Следующий день не принес перемен к лучшему. Наоборот, гроза усилилась, дождь разошелся не на шутку. Делаю все, что только можно, лишь бы палатка внутри была сухая. Перед тем как выбраться наружу, раздеваюсь, накидываю на себя только плащ. Возвращаясь, оставляю его мокрым у входа.

Сразу хватает меня в свои объятия мокрый ветер, дождь заливает глаза. Темные, тяжелые тучи мчатся низко, кажется даже, прямо над верхушками деревьев. А деревья склоняются, гнутся перед бурей. Она схватила, разметала ветви плакучих ив, трясет и поднимает их высоко кверху. Мрачно и грозно выглядит река. Я вижу только небольшой участок: дождевая завеса закрывает все непроглядной серостью. Но достаточно и того, что я вижу. Река бурлит, она испещрена пенистыми греблями воли, бегущих против течения!

Река словно набухла, вздулась. В течение этой ночи воды прибыло, пожалуй, на метр. Что будет, если не уменьшится, не утихнет ярость суресте?

Я ползаю по размякшей земле, проверяю оттяжки палатки. Нужно немного ослабить намокшие и натянутые, как струны, шнуры. Они могут лопнуть или вырвать колышки. Но у меня по крайней мере нет хлопот с водой для питья: я ставлю кастрюлю под край палаточной крыши, и через минуту она полная. С этим запасом воды возвращаюсь в свой домик. Растираюсь махровым полотенцем и снова укладываюсь спать. Ничего другого мне не остается. Жизненное пространство ограничено колышущимися стенками палатки и четырехугольником пока сухого пола. Могу лежать, сидеть. Голод мне не угрожает.
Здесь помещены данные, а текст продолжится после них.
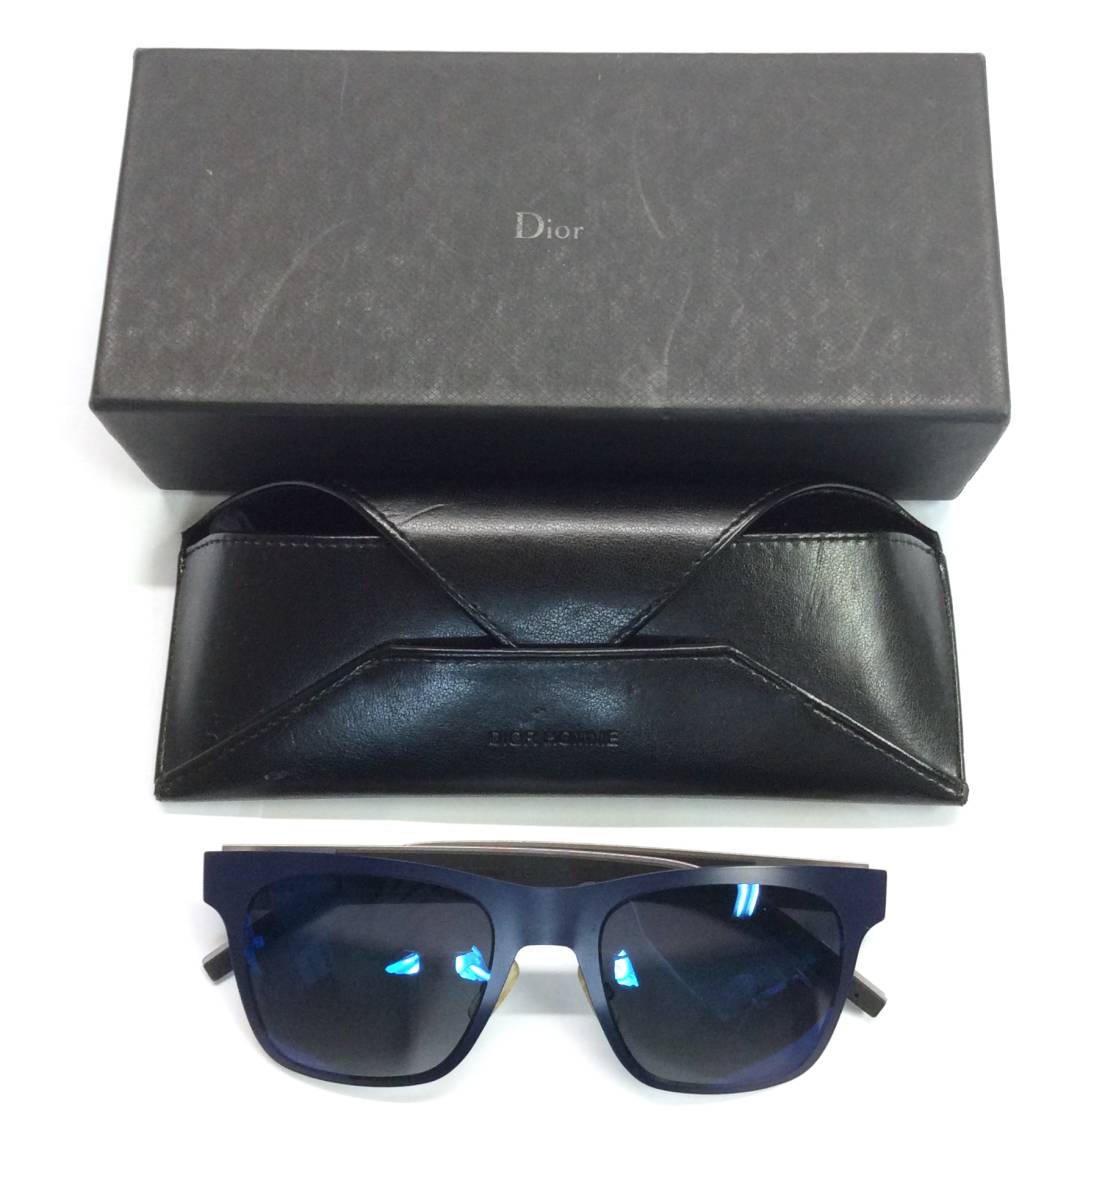 Dior Men's Sunglasses | Proxy bidding and ordering service for

У меня есть мясные консервы, сахар, бесполезная йерба, две банки сгущенного молока. Все это я запиваю дождевой водой. Не требуется, видимо, пояснять, что все я ем холодным. Долго буду вспоминать вечерний ужин и веселый костер. Так прошел первый день. Ночью я несколько раз просыпался, прислушивался: не утихает ли буря? Шаткая надежда!

На следующий день я с беспокойством обнаружил, что уровень реки значительно поднялся. Еще полметра — и вода дойдет до палатки. Продираюсь через заросли в глубь острова, ищу место, расположенное хоть чуть-чуть повыше. Но, увы, как обычно бывает в дельте, на островах из нанесенного речного ила местность понижается к центру. Самая высокая часть прибрежная. В нескольких сотнях шагов от берега я уже бреду в воде. Возвращаюсь в отчаянии. Если уровень воды достигнет палатки, останется только перевернуть байдарку, побросать в нее все, заплыть как можно глубже в залитые заросли, привязаться там и… ждать.

Третий день. Как это все назвать? На море, как известно, шторм. Но на реке? Не нахожу подходящего слова. Удовлетворимся поэтому местным названием, так много говорящим здешним островитянам, — суресте. Утешительным, пробуждающим по крайней мере искорку надежды есть только то, что река вздымается медленней. За последние сутки прибыло около двадцати сантиметров. Быть может, мне удастся избежать сомнительного удовольствия плавать между кустами?

Зато внутри палатки меня ждет неприятность: на резиновом полу скапливается вода. Третьи сутки идет ливень и напирает ветер. Палатка начинает пропускать воду там, где швы соединяют стенки с полом. Мое жизненное пространство уменьшается. II укладываю под себя, под постель, все, что только можно: багажные мешки, полотняный тент, который так хорошо защищал нас от солнечного жара там, в верховьях, парус, ненужные принадлежности туалета. Вытираю лужицу полотенцем, выжимаю его и снова вытираю. И так без конца.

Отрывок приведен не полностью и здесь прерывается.